In the train function we simply create two variables (x) and (y) and point them to the input data,
So the space and time complexity are O(1)

In the predict function we have the time complexity and space O(MN)
where the M is the data point and N is the features 

The most time consuming part comes in the sorting which gives O(M log(M)) this is the time comlexity of python sorting algorithm. 

So the totla complexity of the predict function is O(MN) + O(M log(M))

assuming that the number log(M) is larger than log(n) because typically the number of trining points 
is much more than the number of features. 

#### How to choose K ? 

k is a hyperparamter  * Predetermined , you could use any positive number that you think makes the most sense so it's kind arbitrary.

--> When K is too small predictions can be noisy.

--> When K is too large prediction is averaged over too many data pints the result is not accurate either. 

* One simple approach is to use the square root of the number of data points --> k = np.sqrt(data_points)

This is an empirical value you could use if for quick experiments, but for more rigorous approach we can use cross validation to select the optimal (K) for each specific data set 

The goal of the cross validation is to use training data to help us test the choices of hyperparameters in machine learning models.

To do that we shuffle the training data and divide it into (n) equal sized partitions, then we pick a range of values we want to select from for the hyperparameter for each candidate we use (n - 1) partitions for training and the remining one partition for validation.

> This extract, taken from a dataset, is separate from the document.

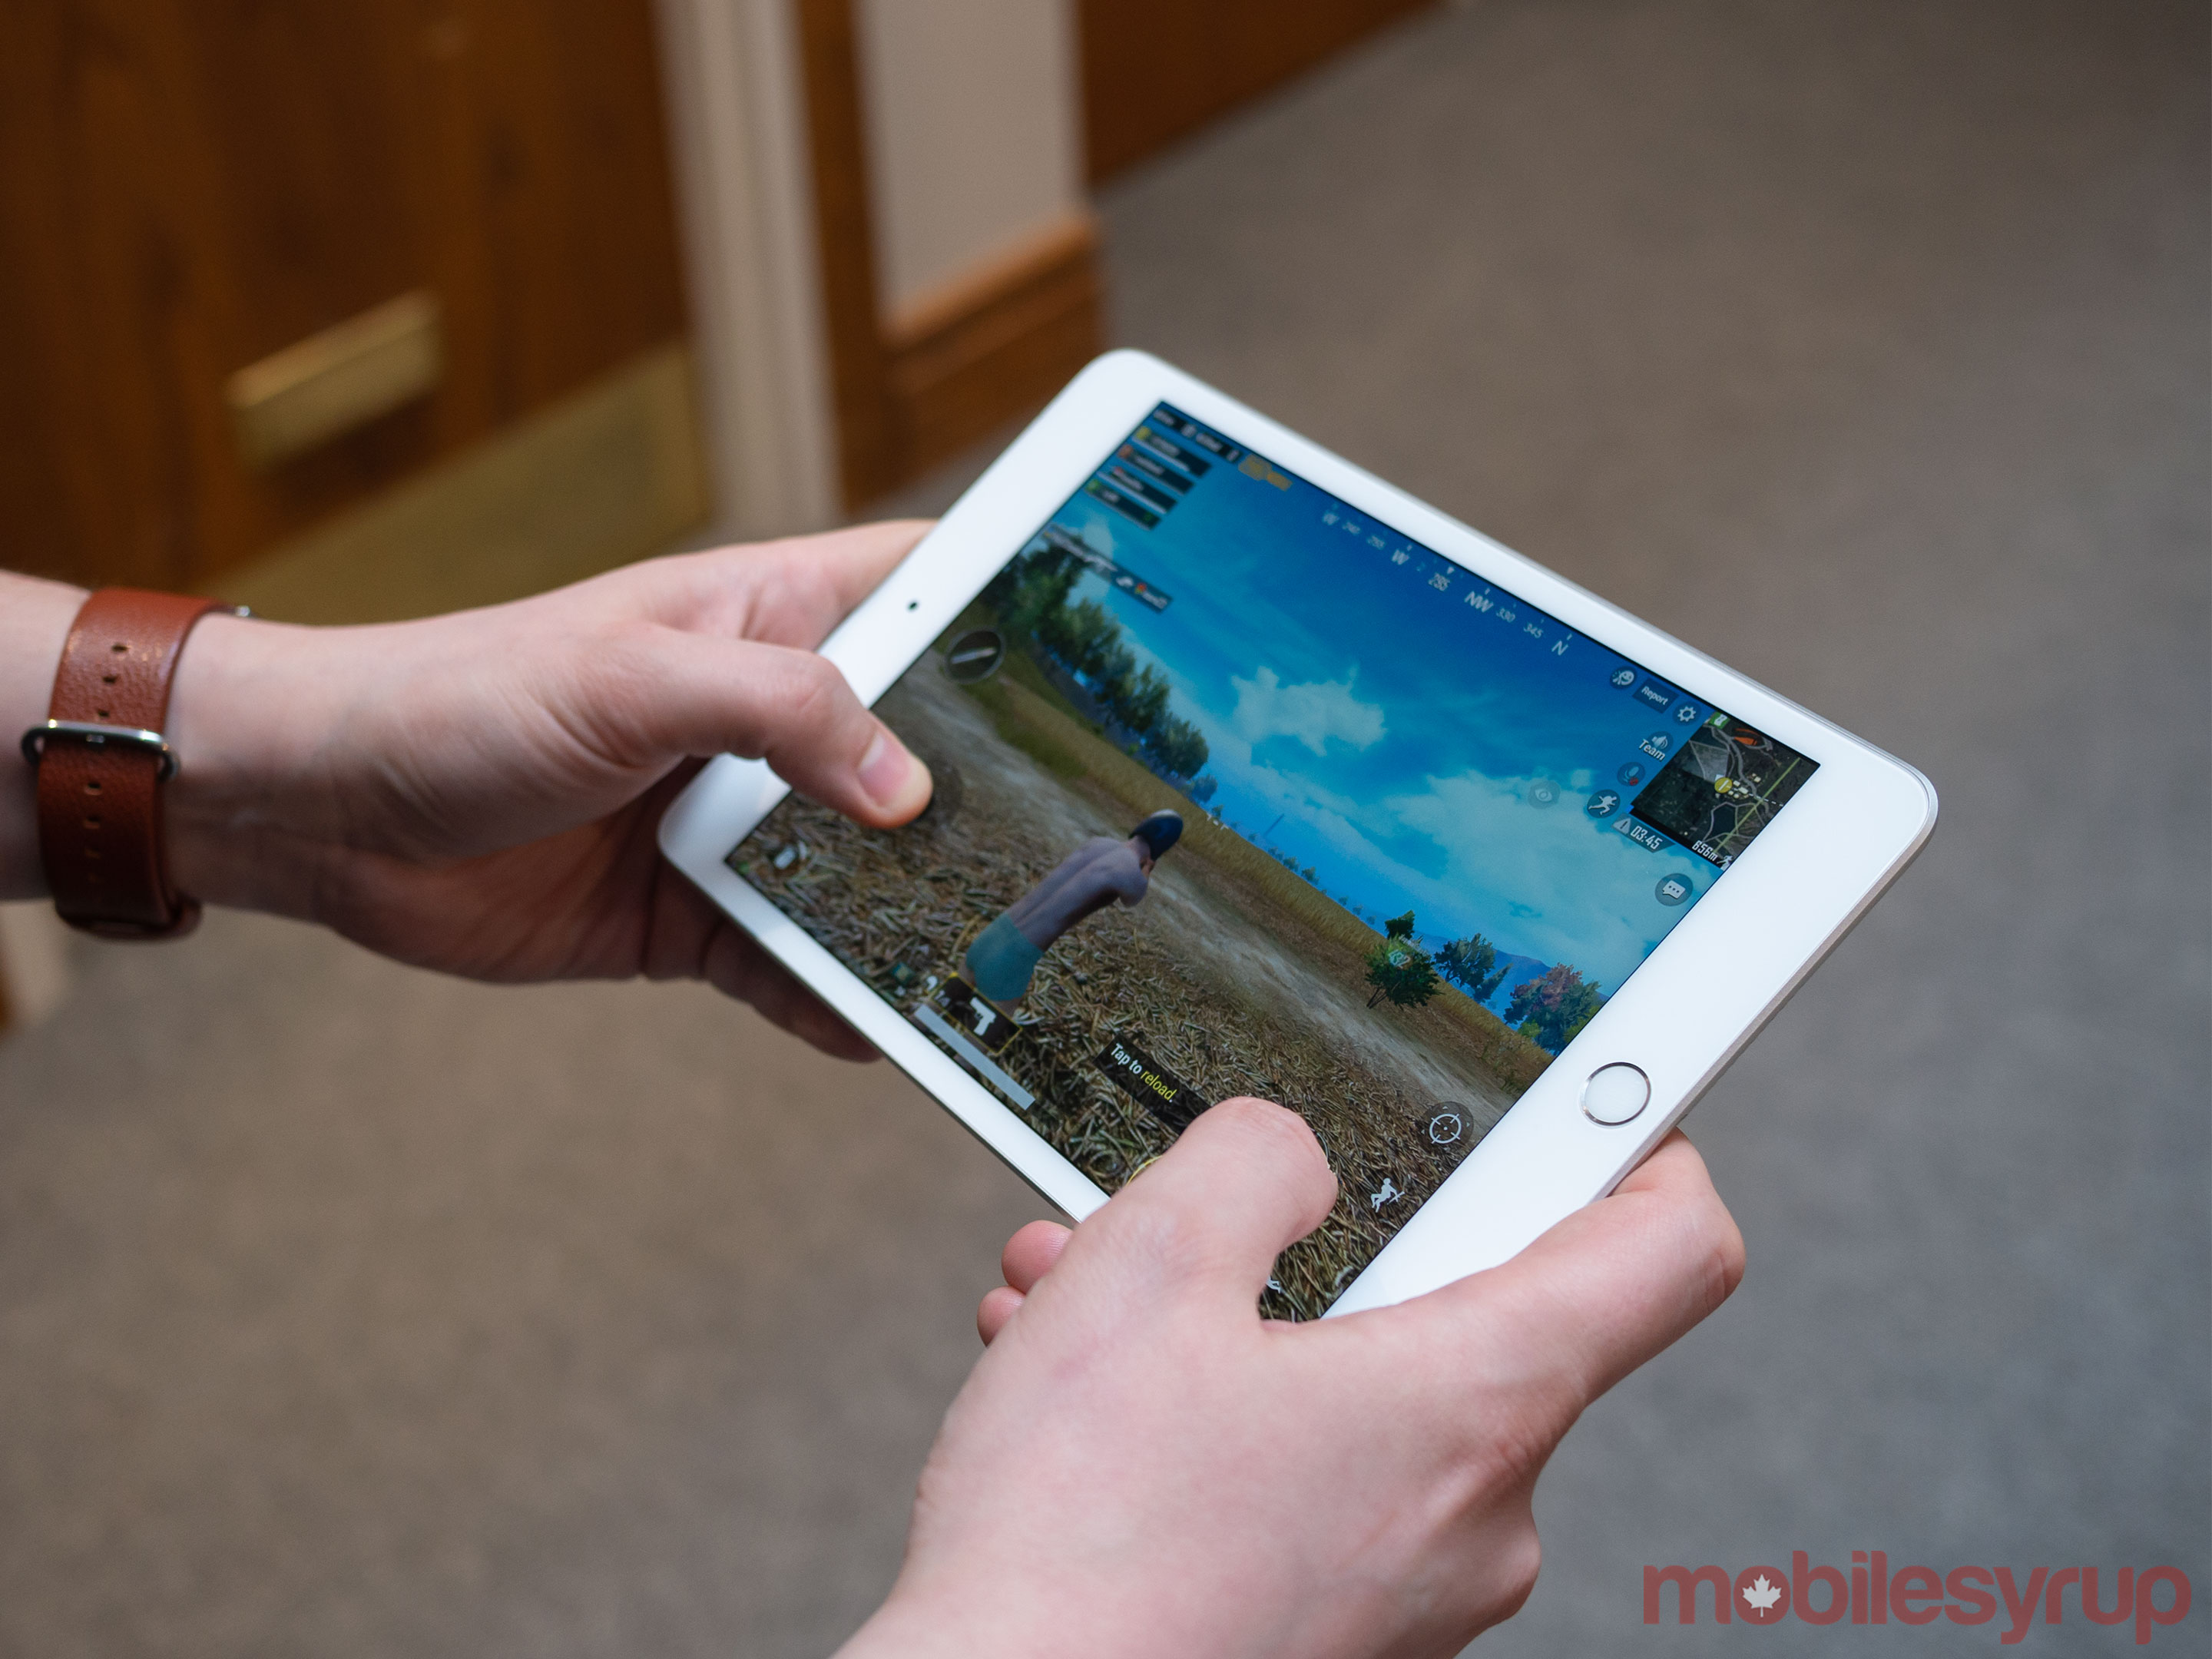 iPad Mini (2019) playing PUBG Mobile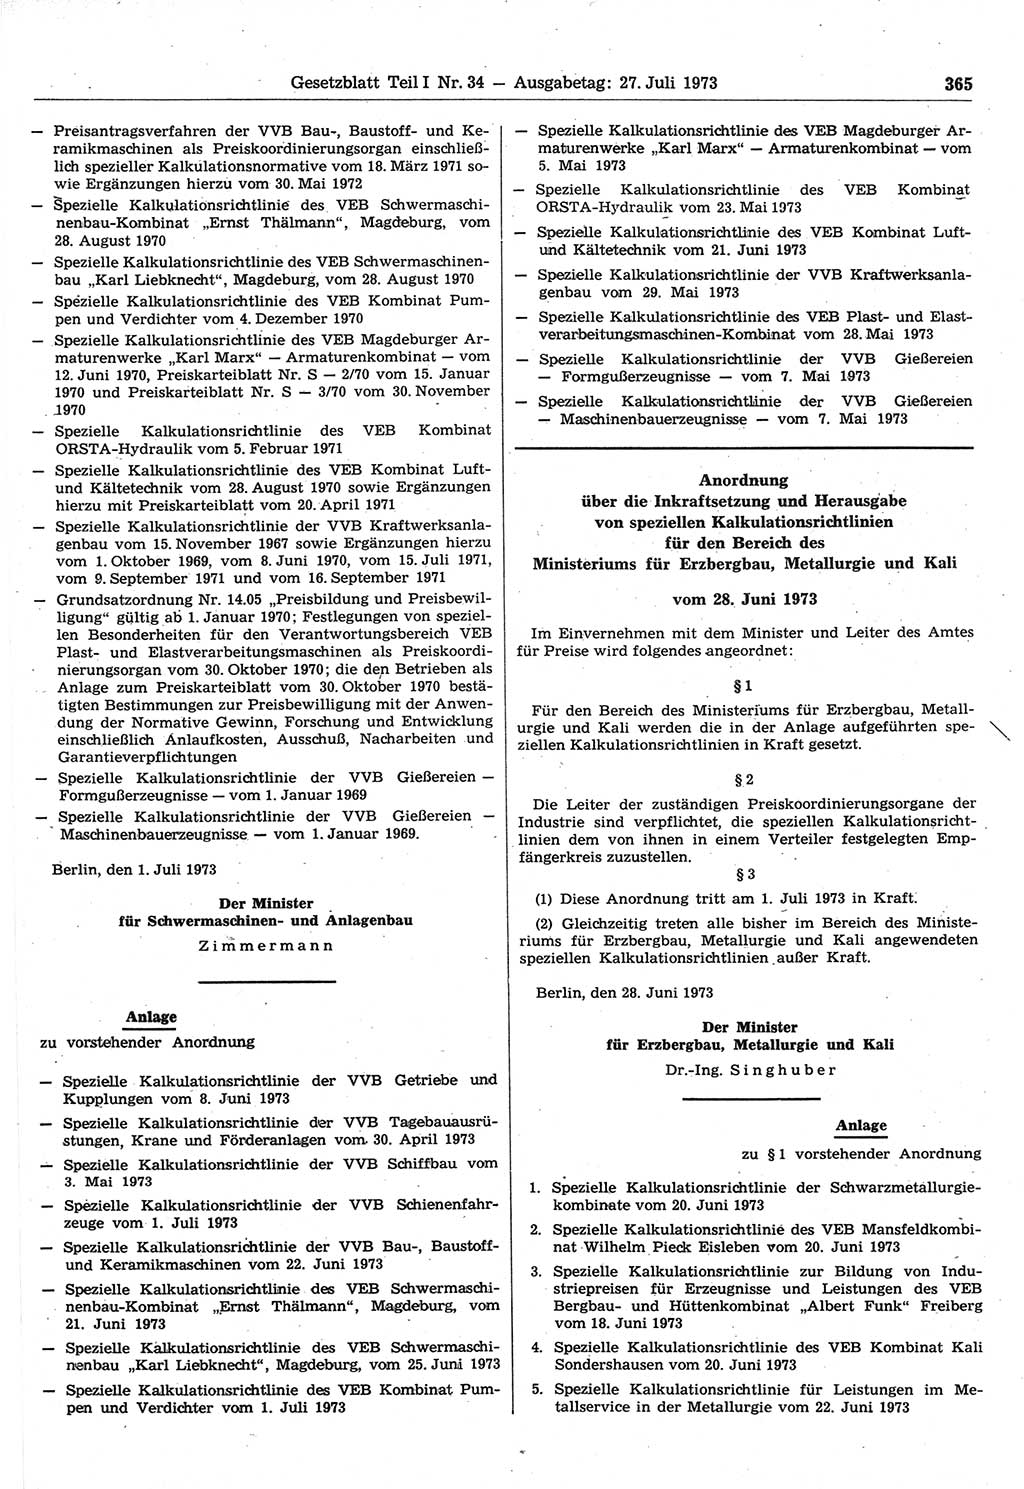 Gesetzblatt (GBl.) der Deutschen Demokratischen Republik (DDR) Teil Ⅰ 1973, Seite 365 (GBl. DDR Ⅰ 1973, S. 365)

We compute the validation error associated with each candidate and then we select the one with the minimum error.that is how we can get the optimum value of K. 

We could also take a more robust approach by repeating this exercise on different partitions meaning every partition has a chance to be a validation data set so at the end of the process we have (n) validation error associated with each candidate.

The average of those error becomes the cross validation error of that candidate. Finally, we just need to pick the candidate with the lowest cross validation error.